Here, the shape such as the height and pitch of the conductor pattern, the number of turns, and the like are not limited to those described above, and are appropriately selected according to the desired recording density of the recording medium and the magnitude of the bias magnetic field. . The height of the pattern is preferably tens of millions of angstroms, and the pitch is preferably around 1 μm. As a protective layer made of a dielectric material, in addition to Si ₃ N ₄ , AI
N, which was formed SiO _2, SiO or the like to a thickness of several hundred to several thousand Å is used.

(Effects of the Invention) As described above, according to the present invention, it is possible to provide a novel card-shaped magneto-optical recording medium in which the bias magnetic field can be controlled by the current flowing in the folded conductor pattern built in the medium.

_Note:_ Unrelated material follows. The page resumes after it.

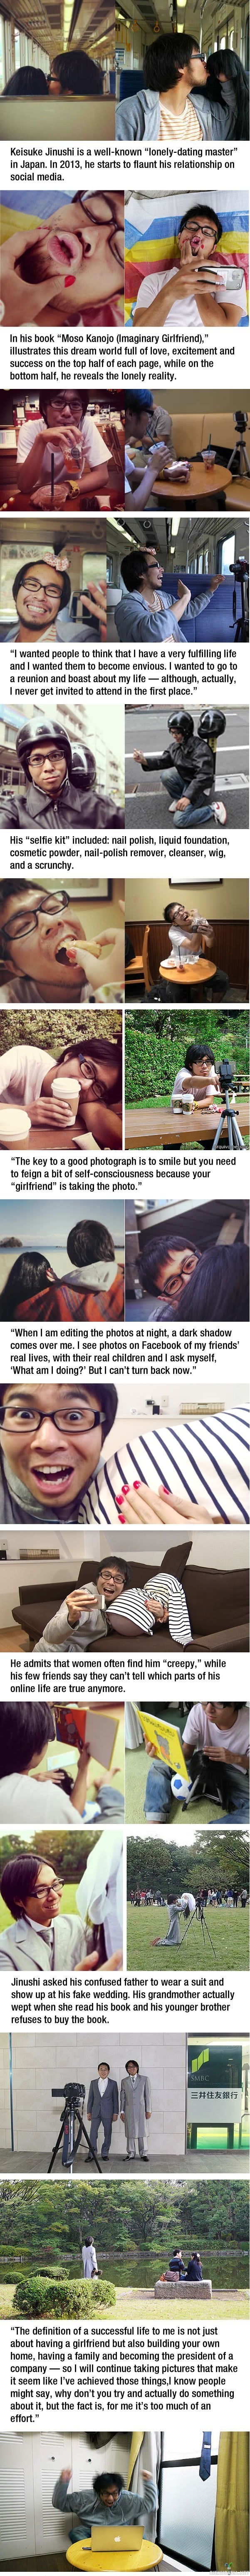 Keisuke Jinushi - Lonely dating master - Keisuke Jinushi ottaa kuvia sosiaaliseen mediaan joissa näyttää että hän seurustelisi, mutta todellisuus on ihan toisenlainen

[Brief description of drawings]

1 and 2 are diagrams showing an embodiment of the present invention, FIG. 3 is a diagram showing a manufacturing method of the present invention, and FIG. 4 is a diagram explaining an operation of the present invention. In the figure, 1 ... Substrate, 2 ... Folded pattern made of conductor, 3 ... Recording layer, 4 ... Protective layer, 5 ... Resist pattern, 6 ... Magnetic field, 7 ... Magnetization, 8 ... It is a laser beam.

Claims (1)

[Claims] 1. An optical card recording medium, wherein a zigzag pattern, which is made of a conductor and has a constant interval and is folded back in the width direction of the substrate, is formed over substantially the entire surface of a card-shaped substrate. A magneto-optical recording medium having a magnetic anisotropy in the direction perpendicular to the film surface, and a recording layer made of an amorphous magnetic alloy film and a protective layer made of a dielectric material are formed in this order.